Palm’s military career did not get off to a great start. In the 1920s, when he was supposed to do his military service, Sweden was disarming and did not have any use for a young man with severe asthma. Instead, his future lay in academia. In 1937, he defended his rather esoteric dissertation on medieval cult-sites in northern Germany before moving on to a position at Lund University, where he rose to assistant librarian. When war broke out two years later, he enlisted as a volunteer, but his asthma prevented him from being called up after Germany invaded Denmark and Norway. Instead, a fellow academic recommended him for ‘special service’ at the newly established secret G-bureau, G for gräns (border), where Palm worked undercover as a customs official keeping track of travellers arriving at ports in southern Sweden. According to his short memoirs, the job, which involved speaking to strangers and working with the police, came in handy when he was transferred north to interrogate Norwegian refugees.
As the war progressed, the G-bureau changed its name to the C-bureau (C as in ‘central’), a ‘proper’ military intelligence agency. Palm’s new tasks included monitoring the Wehrmacht’s movements in Norway and assisting the Norwegian resistance in moving across the border. Additionally, he also served as head of counter-propaganda at the government agency for information, Statens Informationsstyrelse. As a C-bureau intelligence officer he was asked to travel as a courier with goods wagons to the Swedish embassy in Germany in 1944, bringing back an anti-aircraft cannon from Switzerland. He later reflected that his immediate acceptance of the assignment was most likely to show others that he was unafraid – ‘the thoughtful assistant librarian from whom no one expected anything adventurous’.
The C-bureau also supplied machine guns from Finland to Norwegian and Danish police troops trained in Sweden. After the war, Swedish newspapers reported that C-bureau operatives (Palm was not among them) had made money from the arms trade. In combination with the bureau’s less flattering cooperation with German authorities, especially during the early phases of the war, Swedish secret intelligence needed a restart. What the government and military leadership wanted was an organisation led by someone completely unknown who could keep a low profile.
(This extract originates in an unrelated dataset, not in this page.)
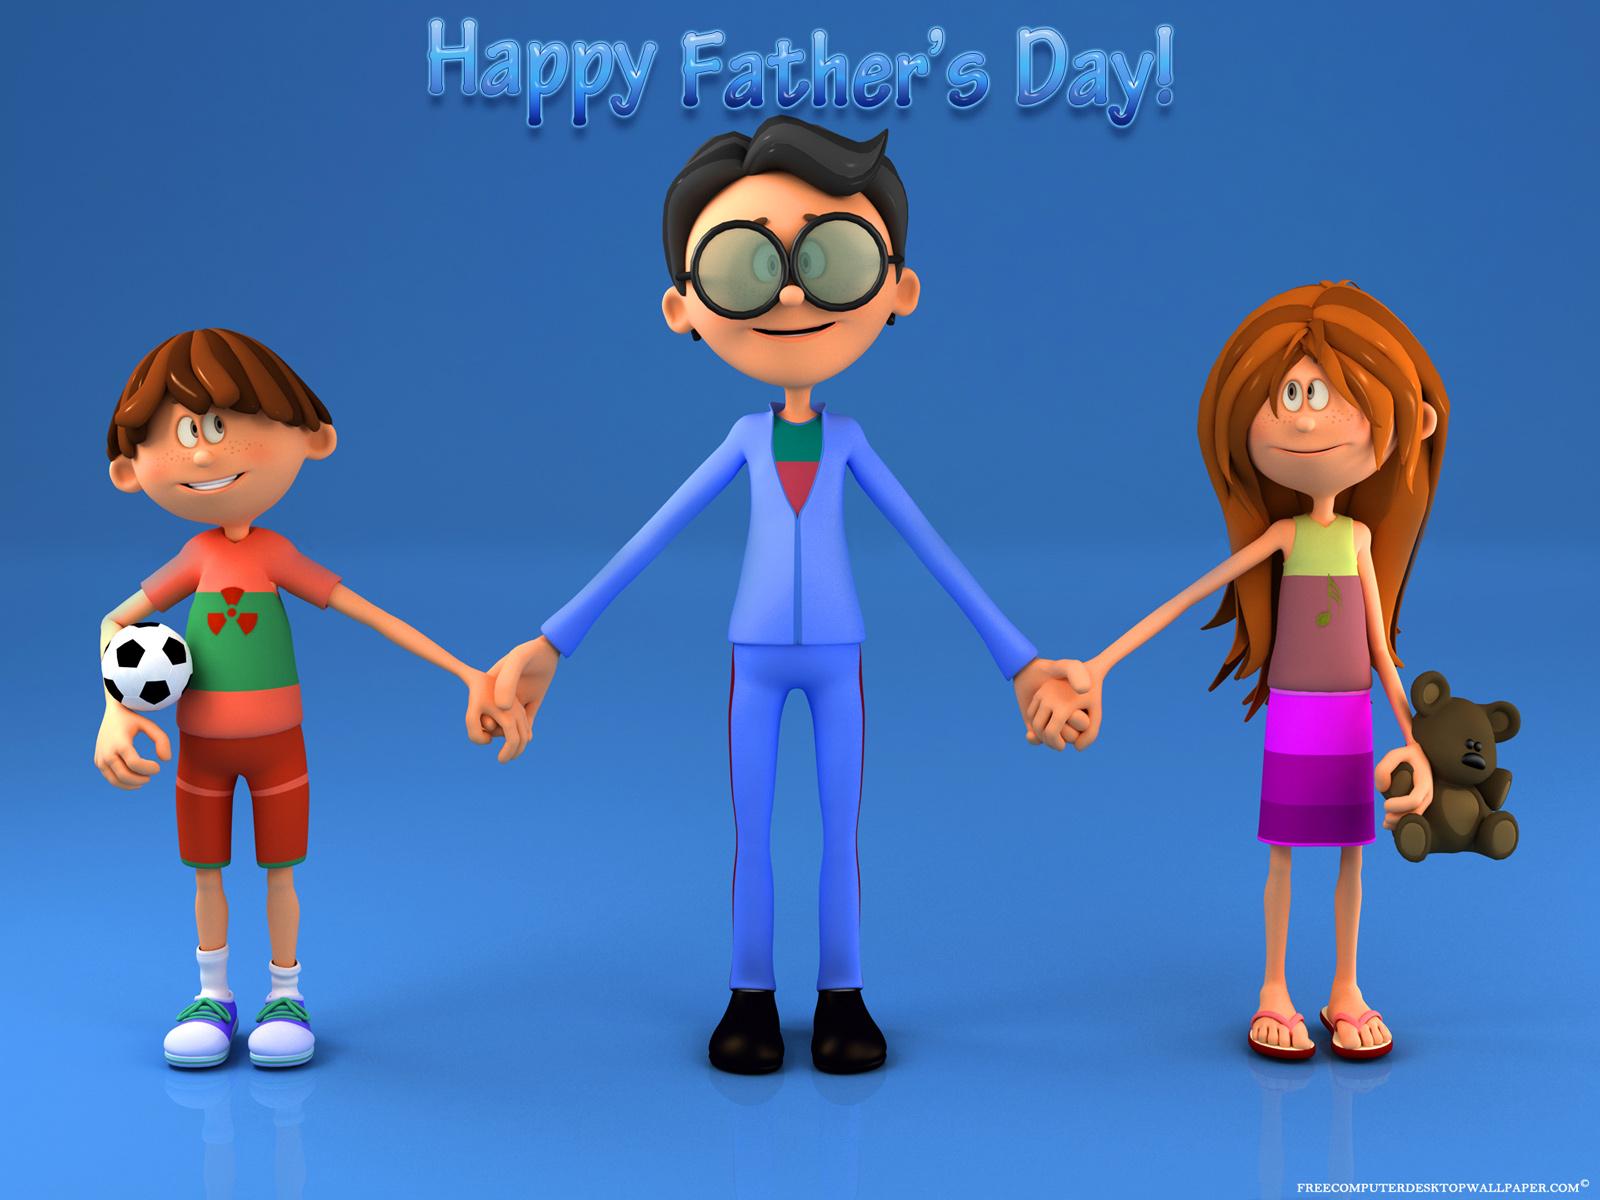 http://3.bp.blogspot.com/-rJ3PtonqRww/T8DPqdn28oI/AAAAAAAADl8/_6jZ2NHRuao/s1600/Happy-Fathers-Day-Dad-Desktop-Wallpaper.jpg
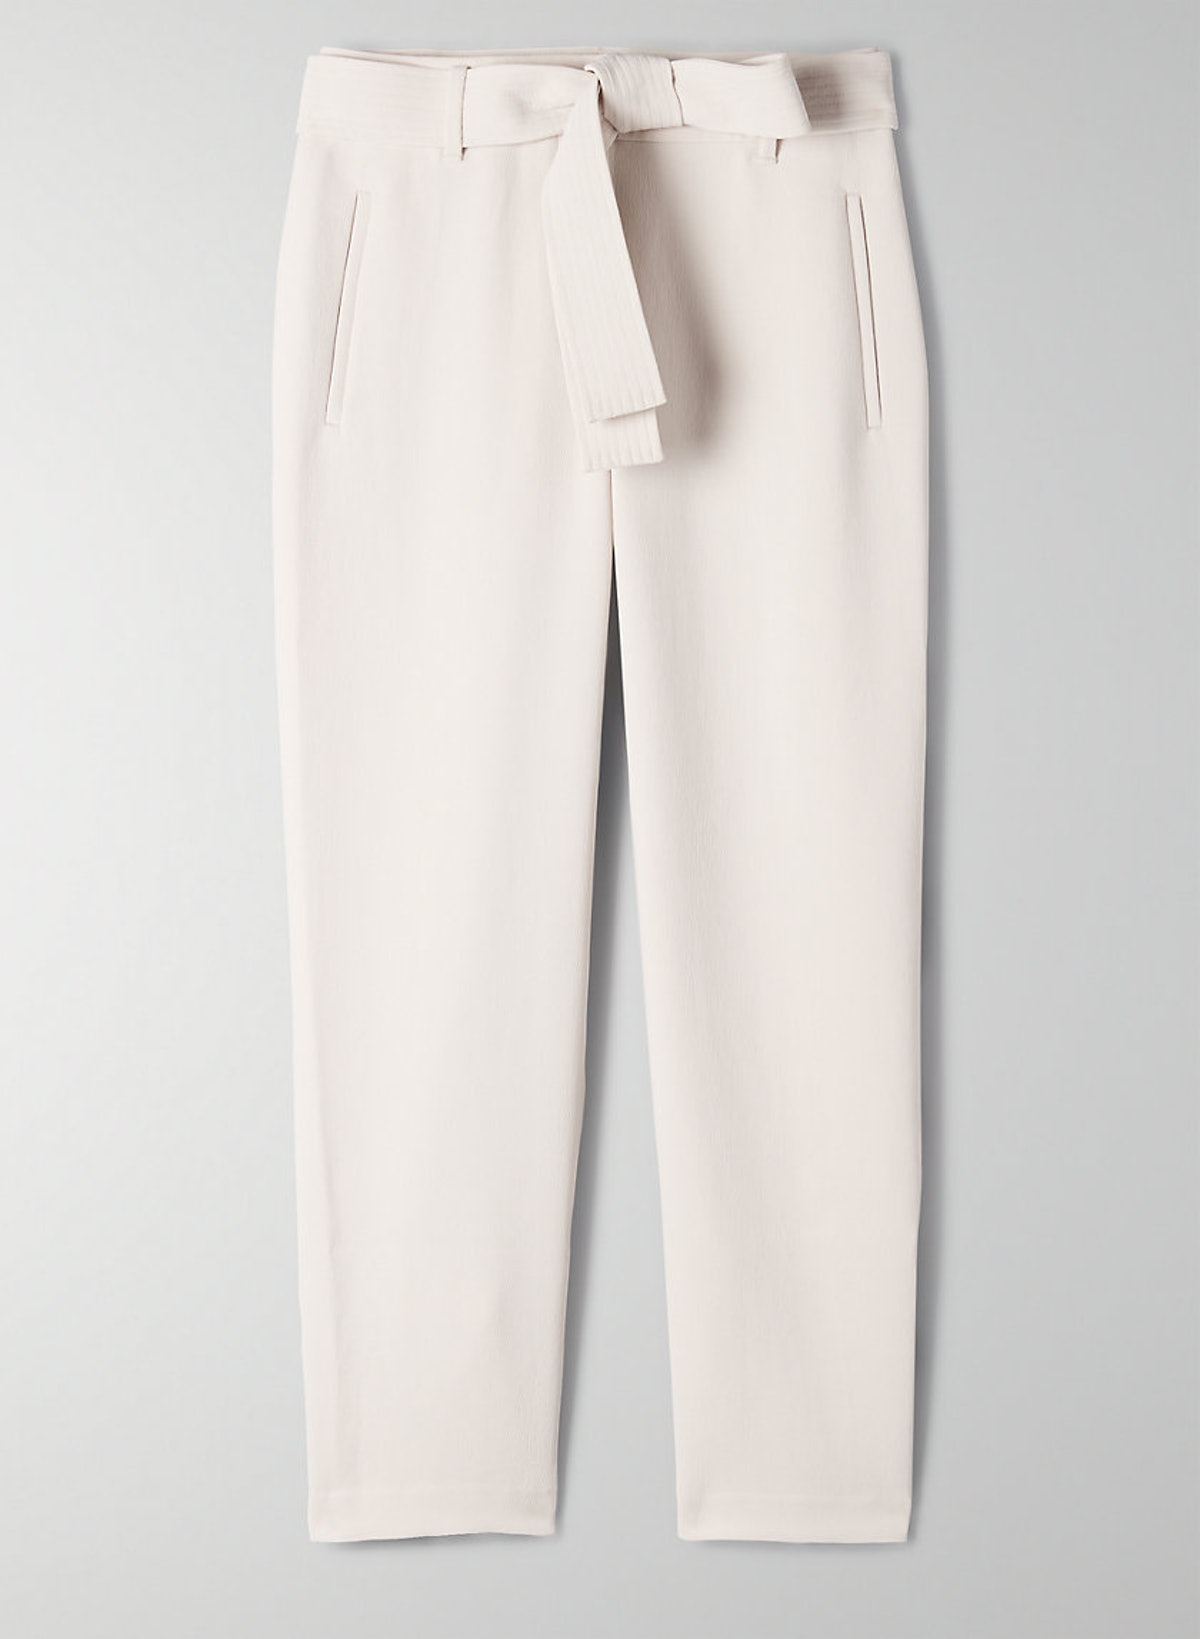 Tie-Front Pant

The choice fell on a somewhat surprised Palm in 1945. As he put it in his memoirs, within the General Staff he was now ‘an unknown librarian from Lund in charge of a department that did not exist’.
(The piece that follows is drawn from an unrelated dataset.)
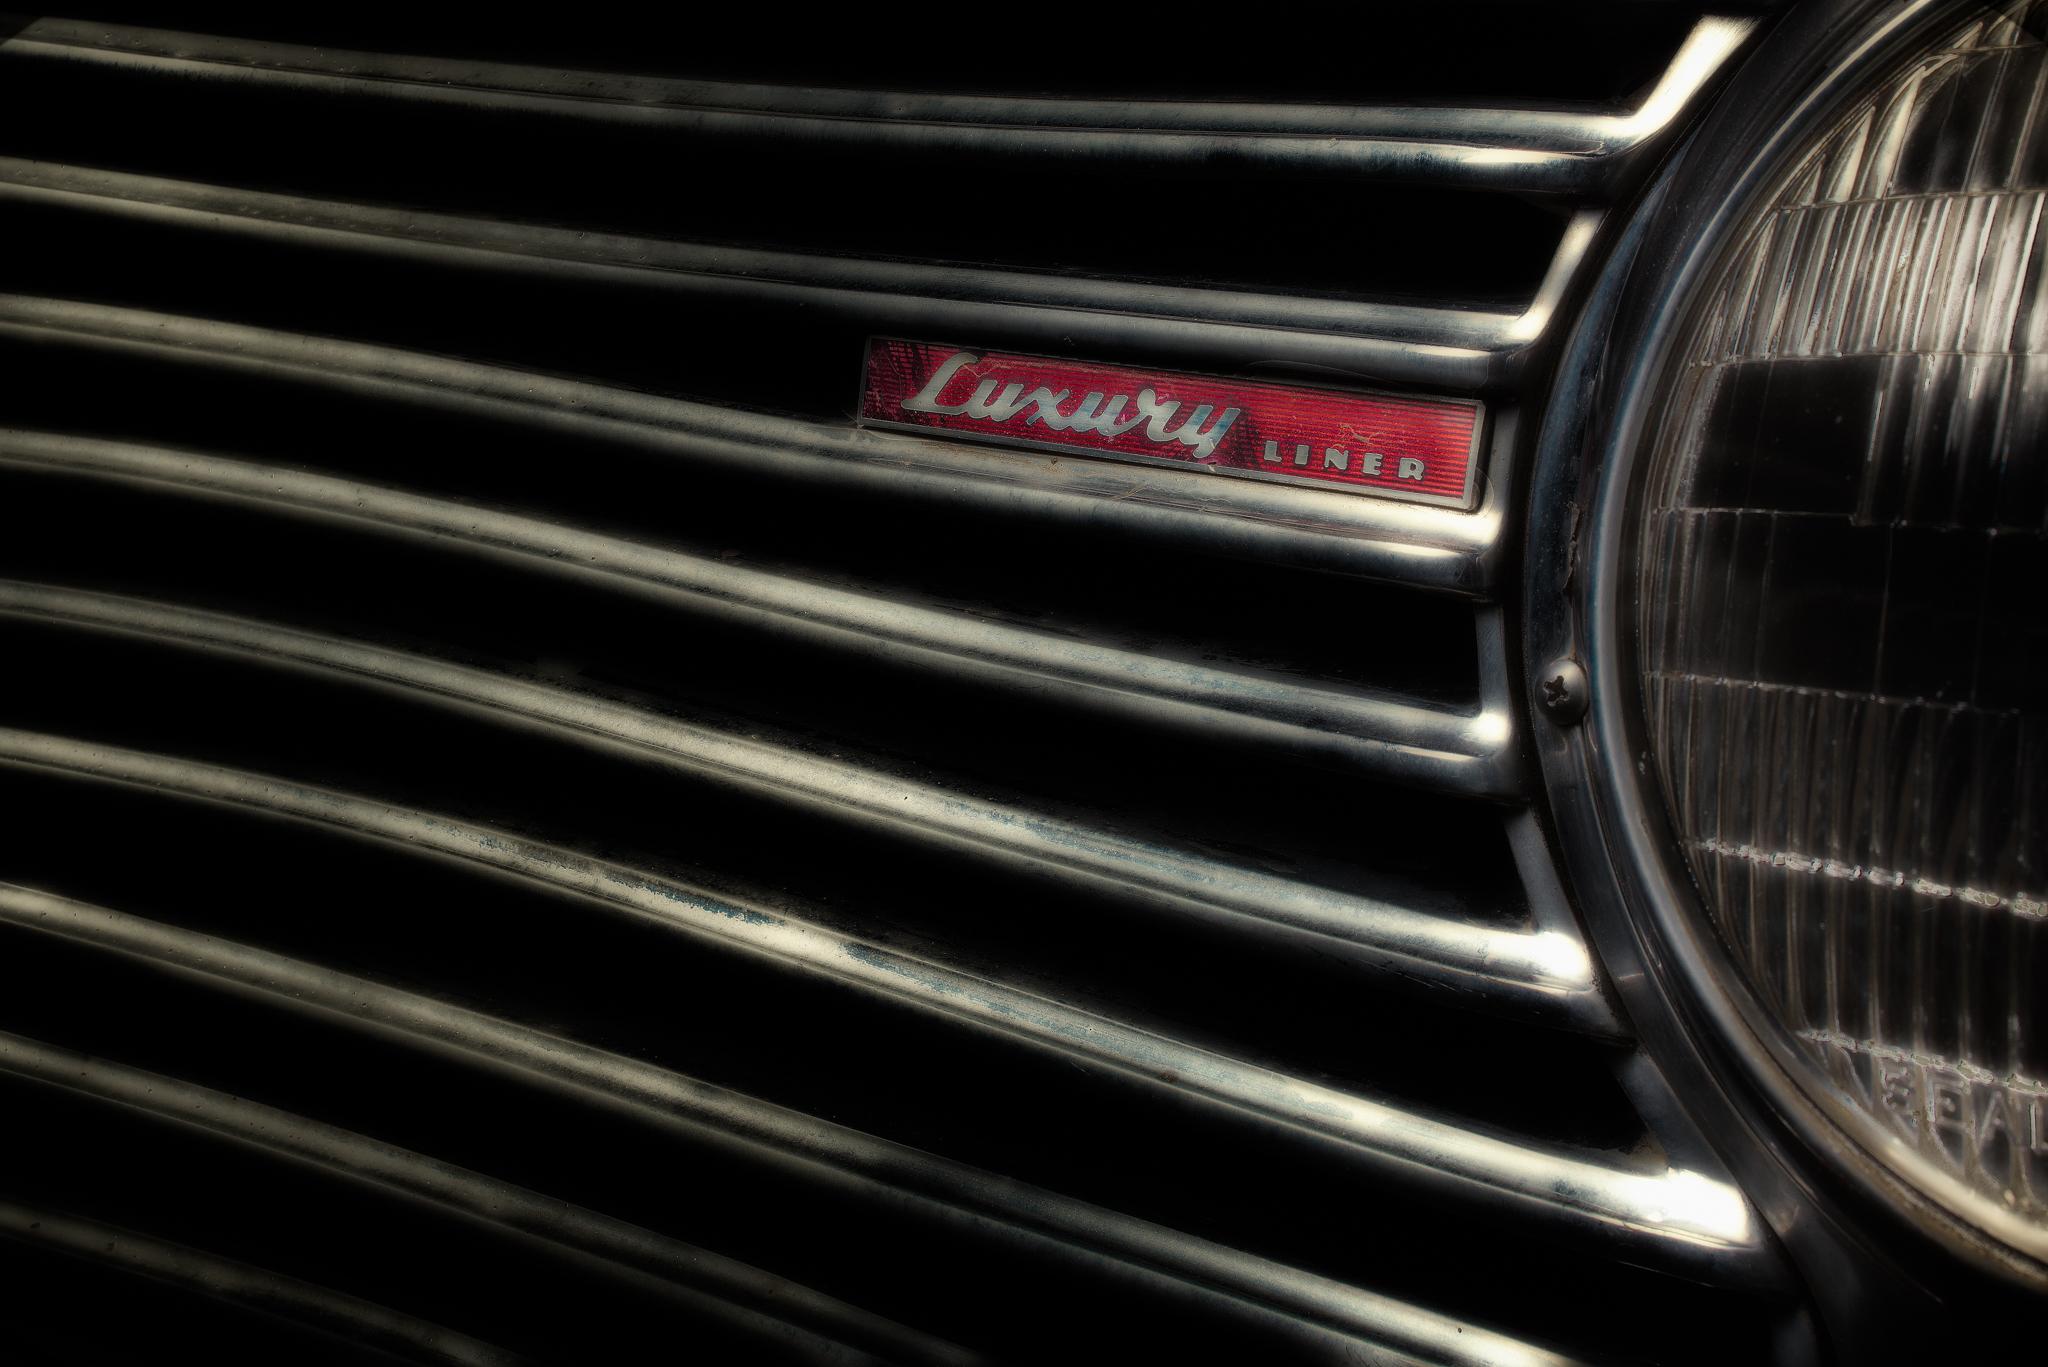 1941 Dodge Luxury Liner #1

Under Palm’s leadership the name was changed again, this time to T-kontoret, the ‘T-office’ (T as in ‘technical’). The main task was to gather human intelligence in Sweden’s near-abroad to assess military threats: ‘We really only had one question that we wanted an answer to. We would warn in time if the Soviet army began to gather troops and prepare fast attacks across the Baltic Sea against us.’
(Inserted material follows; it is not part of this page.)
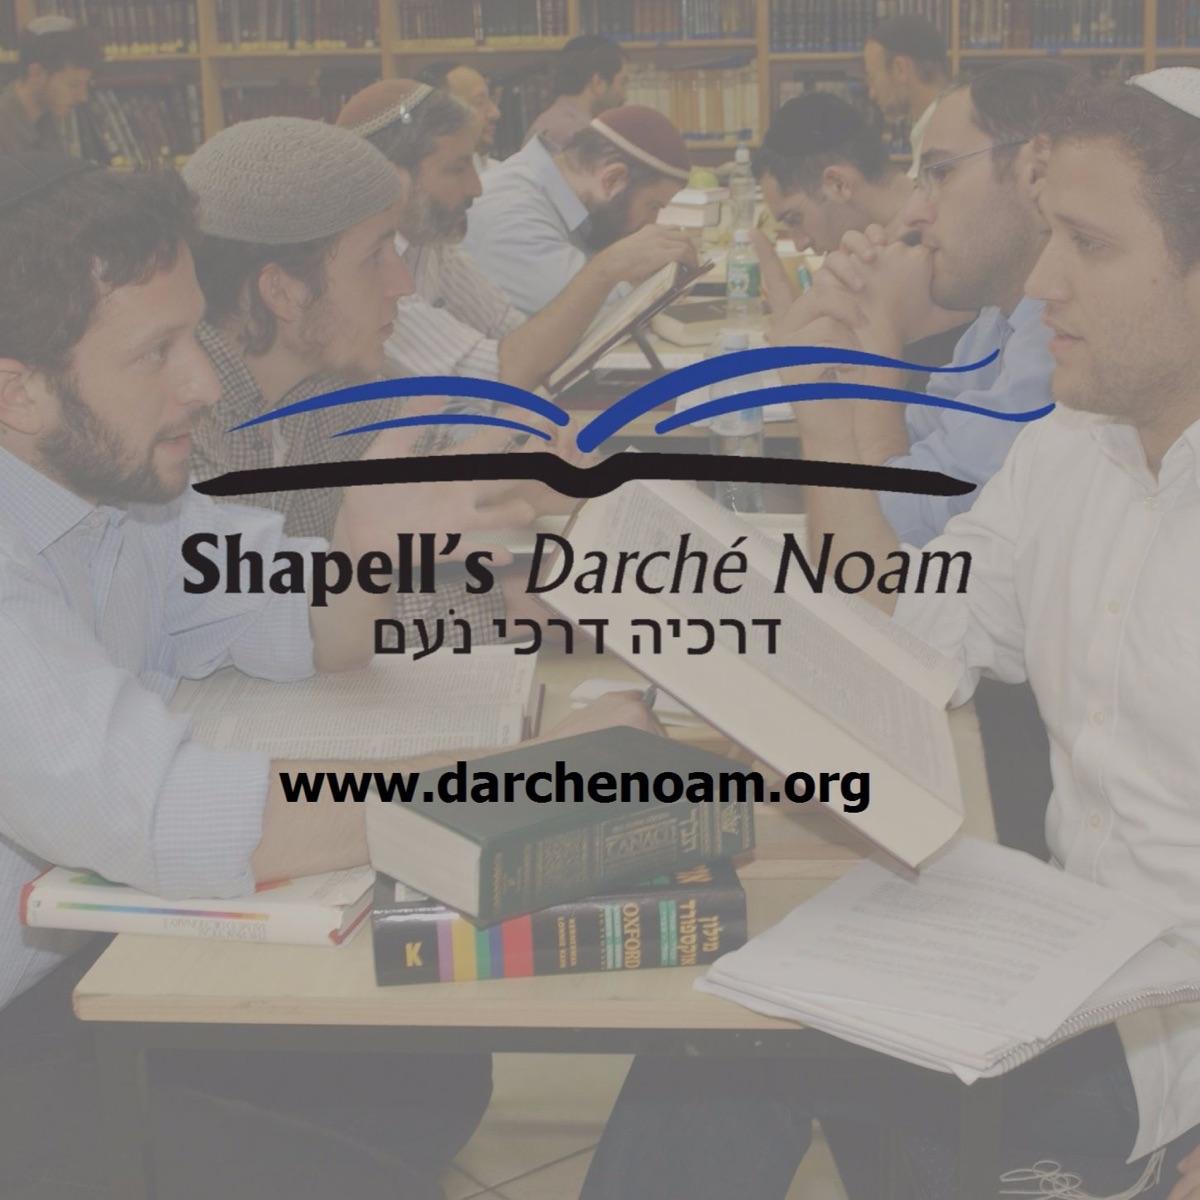 Shapell's/Darche Noam Podcast

At the onset of the Cold War, Sweden’s geostrategic position looked bleak. Finland was independent but under Soviet influence through the ‘Friendship Agreement’ of 1948; the Baltic States were gone; and Soviet troops were stationed in Poland and East Germany. When Denmark and Norway joined NATO in 1949 the Swedish preference for a Scandinavian defence union was abandoned. Sweden continued instead with its non-alignment policy, supposedly neutral between the two emerging superpower blocs. The policy was, however, two-sided. While in its rhetoric the government pursued neutrality, secret cooperation with the West continued. This was especially true in the case of air defence, munitions, intelligence and, to a lesser extent, Swedish resistance under occupation (a so-called Stay Behind group, in which Palm also played an important role). For the policy to remain credible it was extremely important that the collaboration westwards was kept hidden.
As the need for qualified intelligence grew, Palm increased the efforts to get more information through his own sources and to cooperate with like-minded intelligence services abroad. In Finland, the T-office established an extensive network of agents and hidden radio transmitters. Getting information from the Baltic States was much more difficult, but in the late 1940s and first half of the 1950s, the T-office recruited agents among Balts who had fled to Sweden. The agents were trained in radio transmission, coding and weapons-handling. They were given equipment, including German weapons, which could not be traced to Sweden, and pills for suicide if they were captured. Palm’s CIA contact in Stockholm provided radio transmitters. In his diary, Palm confided before the first expedition to Estonia, that ‘this is all new to me’. The intelligence historian Wilhelm Agrell has noted that Sweden got drawn into a major intelligence game dominated by the CIA. While Sweden’s goal with the Baltic agents was to create a warning system for Russian war plans, the Americans had greater ambitions, creating and supporting armed resistance movements deep within the Communist bloc.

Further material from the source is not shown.